Конечно, подобные действия расценивались людьми Средневековья как своеобразное похабное баловство, непристойная шалость. Однако, если они упоминаются в номоканонах, значит в быту они существовали и были известны. Скорее всего, это были игровые пережитки смеховых языческих обрядов, как-то связанных с древнейшими представлениями о разметке территории, освоении пространства, проведении границы или упразднении ее. Церковью они преследовались, скорее всего, как пережитки языческого культа. Столь же греховным считалось мочиться на восток (как, собственно, и на запад): «Грех есть мужу вставшему мочиться на восток или запад, не стыдясь». Церковь воспрещала это потому, что таким актом как бы преграждался путь Вифлиемской звезде, возвестившей, по преданию, о рождении Христа[47]. Мочившийся на восток или запад ритуально проводил непреодолимую для движения этой звезды черту. Таким образом, церковь признавала силу языческого обряда, а вместе с ним и животного инстинкта, на который опирался этот архаический ритуал, из человеческой семантизации которого он вырос на заре культуры.

Следы подобных представлений можно обнаружить и в знаменитых сборниках немецких средневековых шванков. Так, в сборнике Михаэля Линденера 1558 года под номером пять помещен шванк, рассказывающий непристойную историю о дворянине, не желавшем выдавать свою дочь ни за кого, ежели тому не удастся выкосить за день полоску длинней, чем ручей, который может пустить красавица. Суть этой довольно непристойной истории такова. У крайне обедневшего дворянина, жившего неподалеку от Коверка, была дочь-красавица, руки которой домогались многие.
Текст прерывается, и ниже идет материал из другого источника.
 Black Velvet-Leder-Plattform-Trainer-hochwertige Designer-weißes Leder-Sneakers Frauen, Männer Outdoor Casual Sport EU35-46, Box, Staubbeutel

Но она не хотела выходить замуж ни за кого, пока он не докажет ей свою силу, выкосив за день полоску луга длиннее, чем ручей, который она могла выпустить из себя за раз и «который мог растечься на добрую милю, а то и дальше». Далее рассказывается история о хитром крестьянине, который вместо того, чтобы косить быстрее других, галантным поведением, хорошим угощением и льстивыми разговорами сумел соблазнить бедную дворянку. Она не смогла победить его в соревновании, и он на ней женился.

вернуться

44

Ахилл Татий. Левкиппа и Клитофонт. Лонг. Дафнис и Хлоя. Петроний. Сатирикон. Апулей. Метаморфозы, или Золотой осел. М.: Худож. лит-ра, 1969. С. 269.

вернуться

45

Там же. С. 273.

вернуться

46

«Асе грехи злые смертные…»: Любовь, эротика и сексуальная этика в доиндустриальной России (X — первая половина XIX века). М.: Научно-издательский центр «Ладомир», 1999. С. 48.

вернуться

47

Там же. С. 98.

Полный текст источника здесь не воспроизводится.